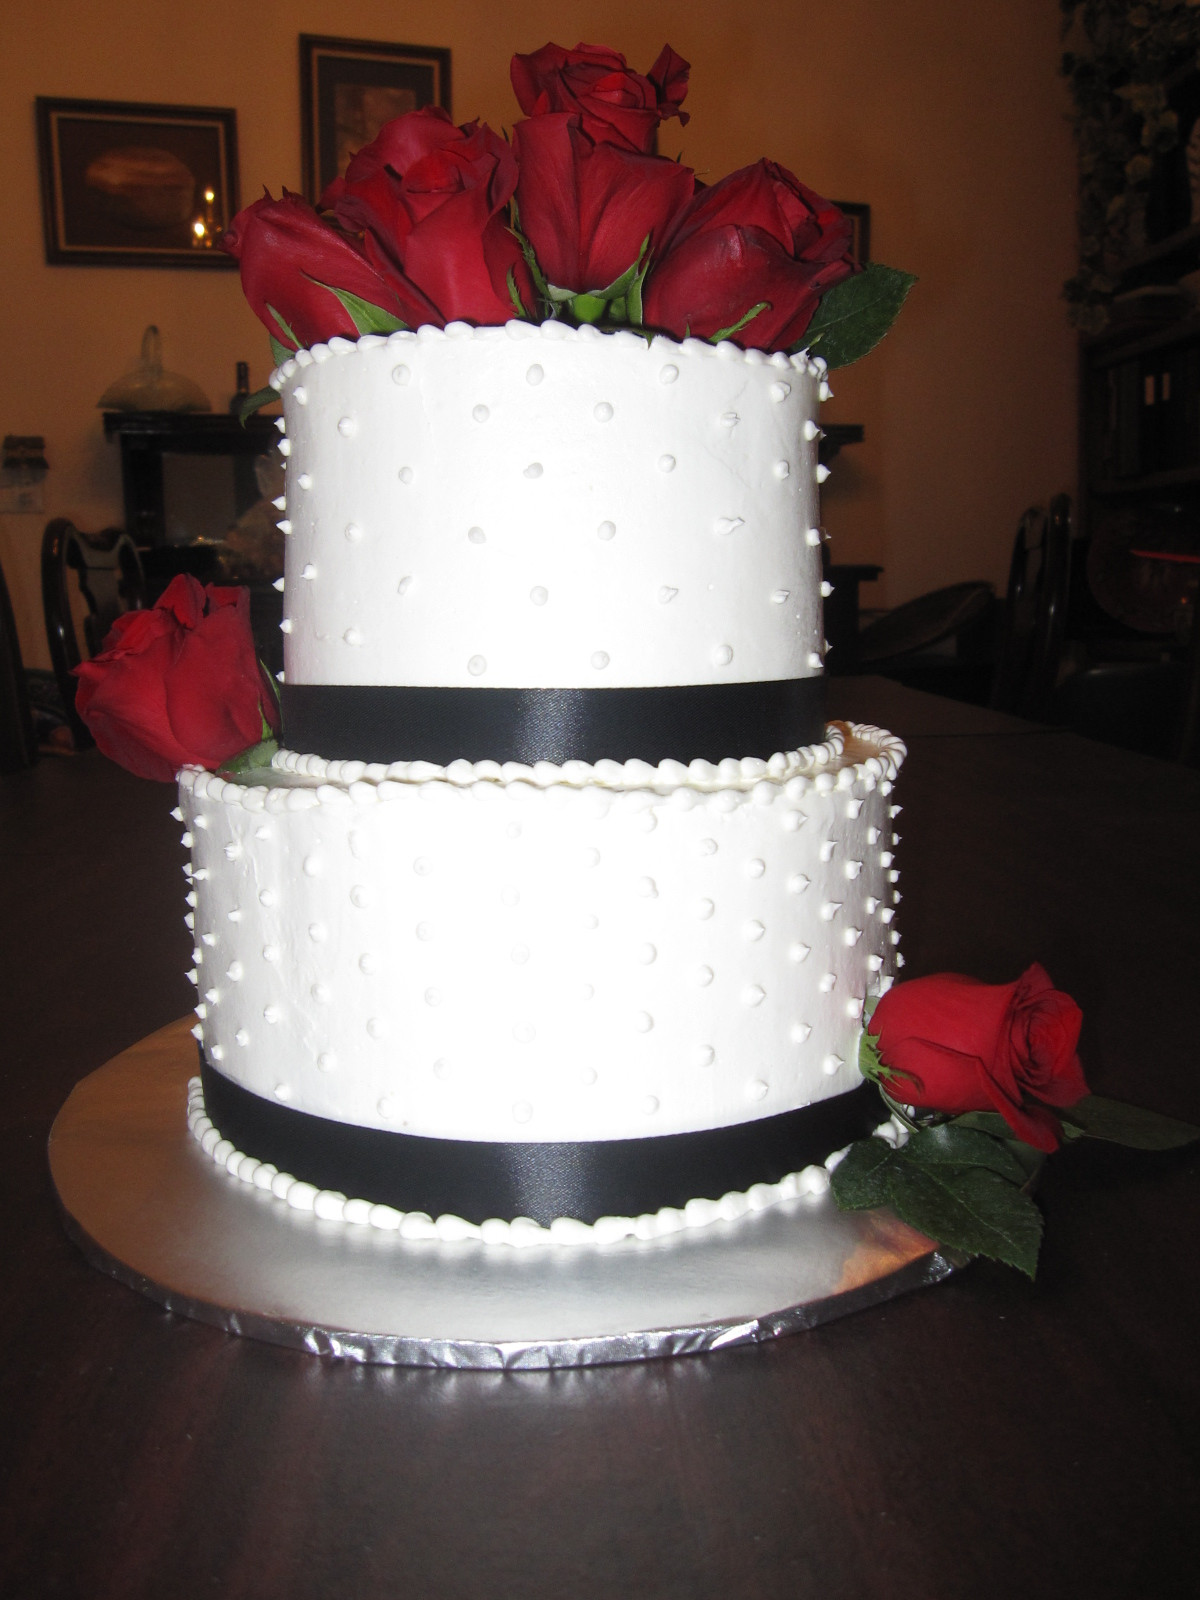 Costco Wedding Cakes Pictures
 Costco wedding cakes idea in 2017
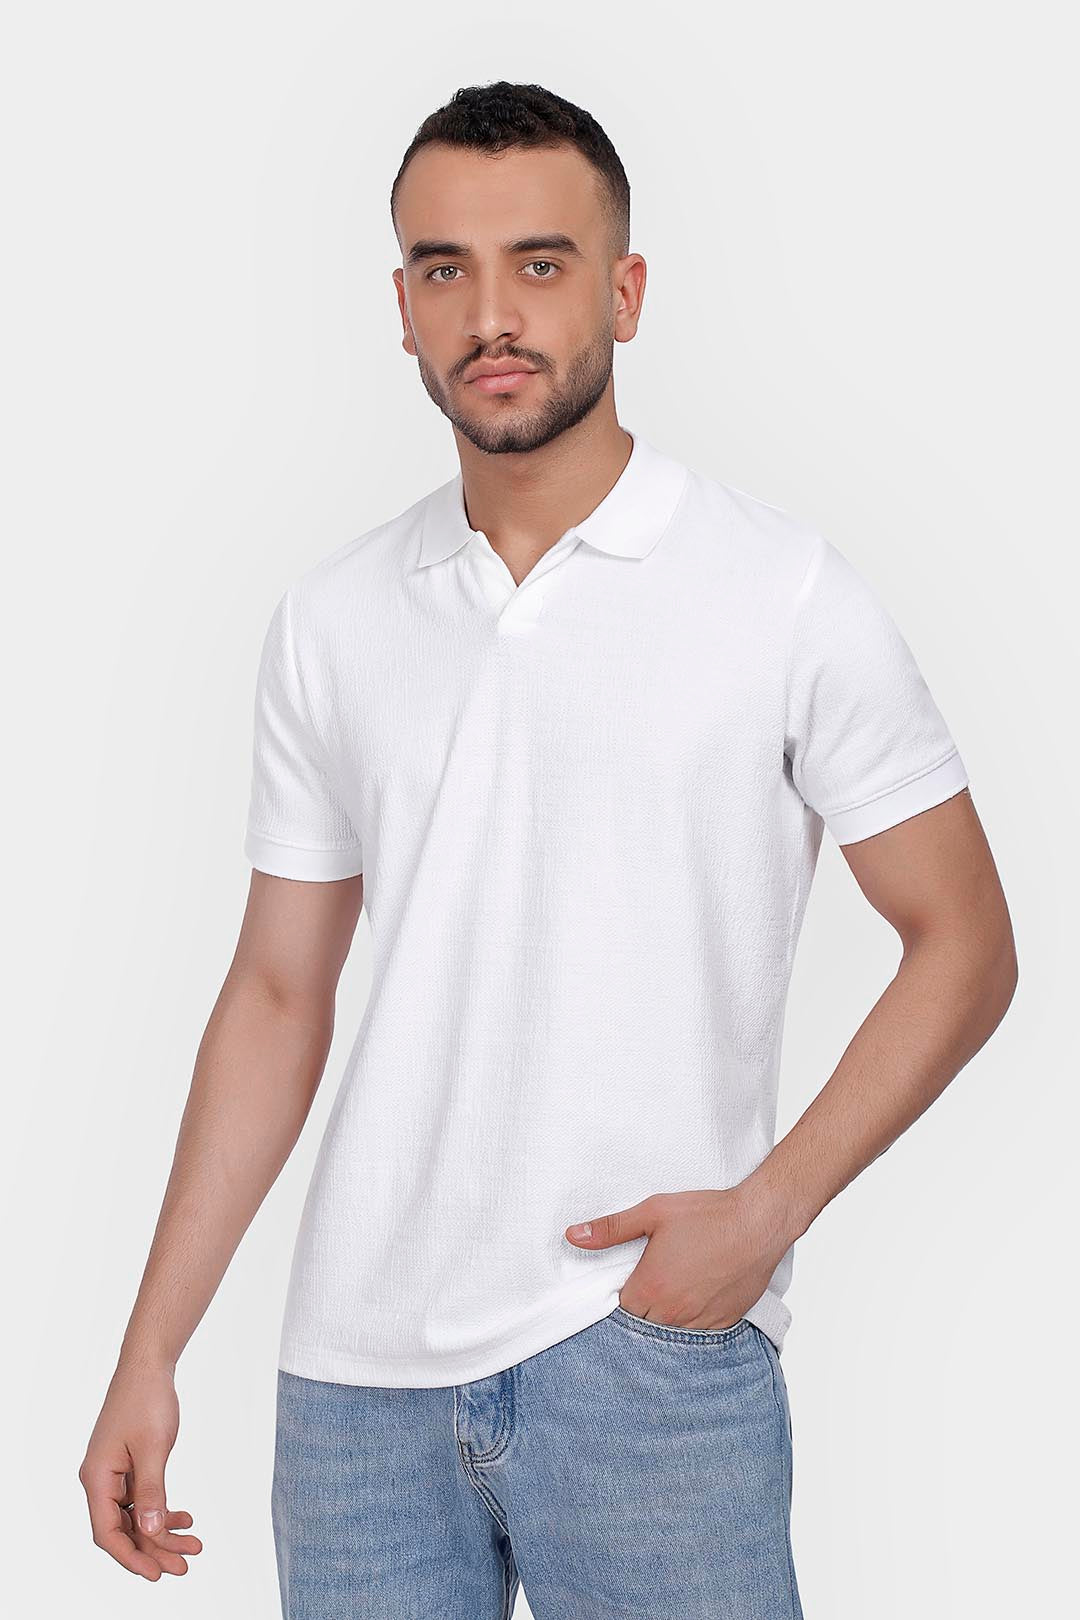 White Basic  Polo Shirt
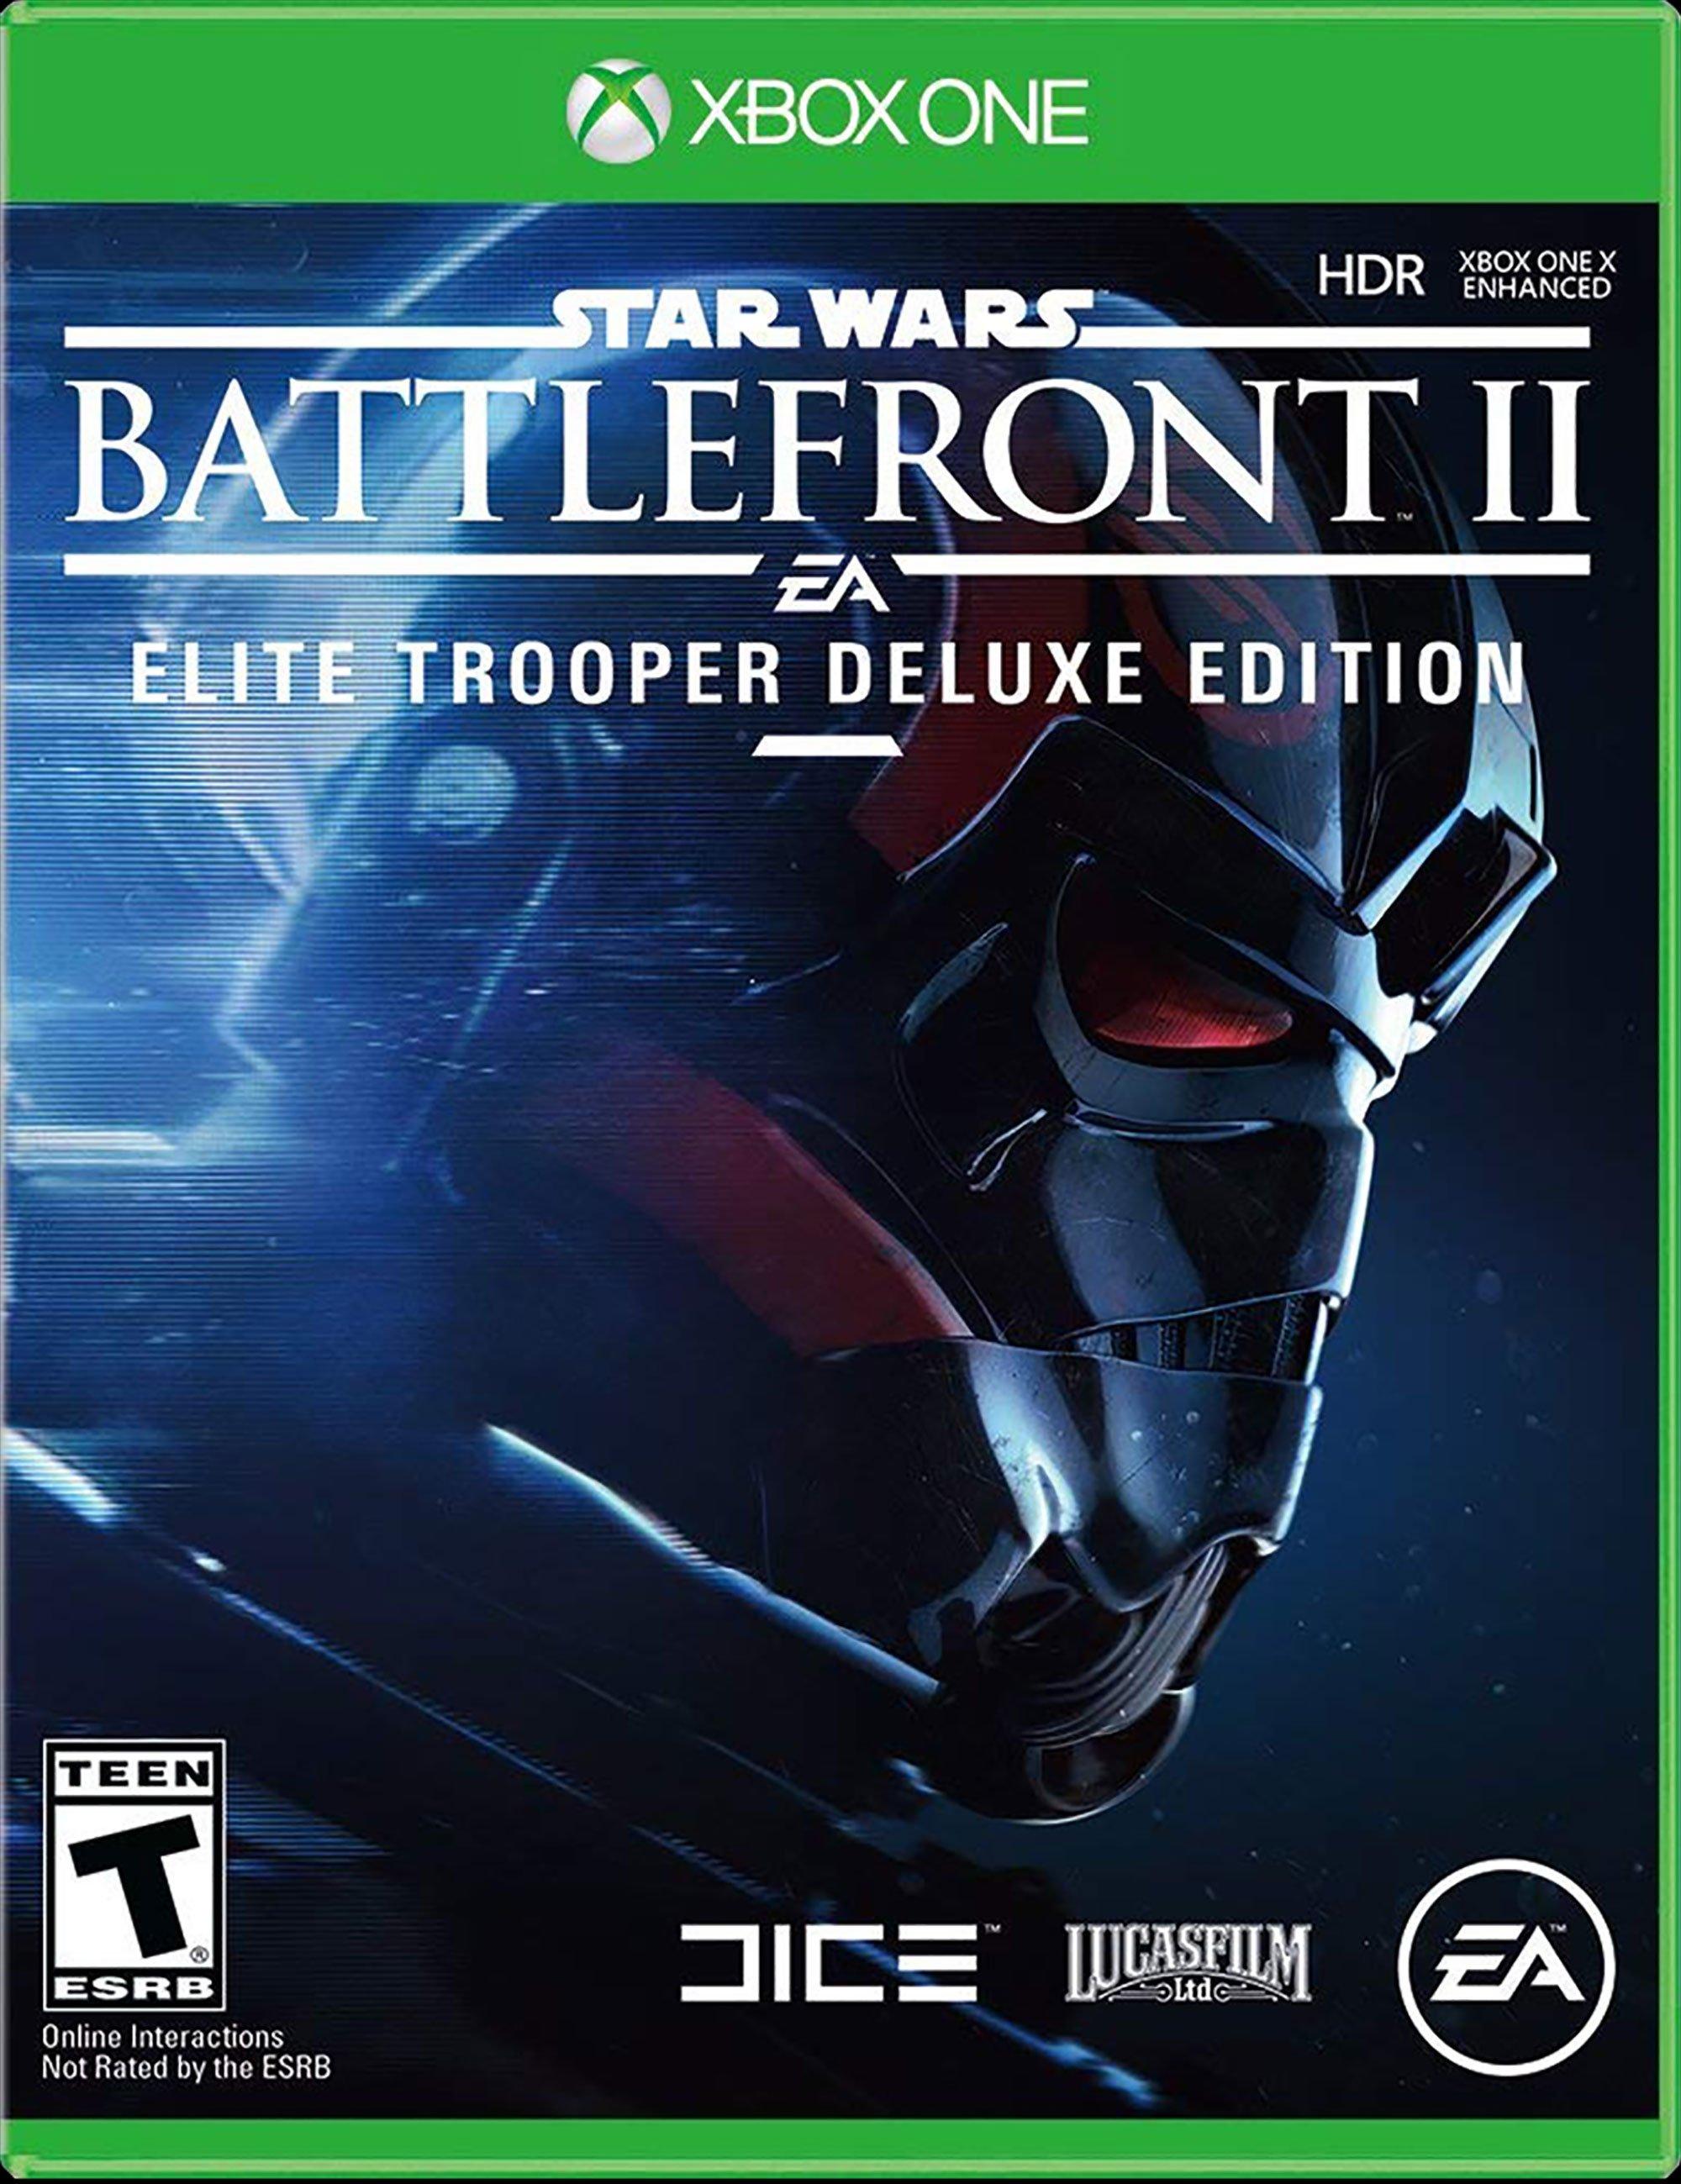 Star Wars Battlefront II Deluxe Edition Upgrade

◆ WHAT IS EXPECTED: When you restate the listing, keep every word as it is and drop the pictures.

◆ ANSWER TO THE PROBLEM:
 Costco Wedding Cakes Pictures
 Costco wedding cakes idea in 2017
 White Basic  Polo Shirt
 Star Wars Battlefront II Deluxe Edition Upgrade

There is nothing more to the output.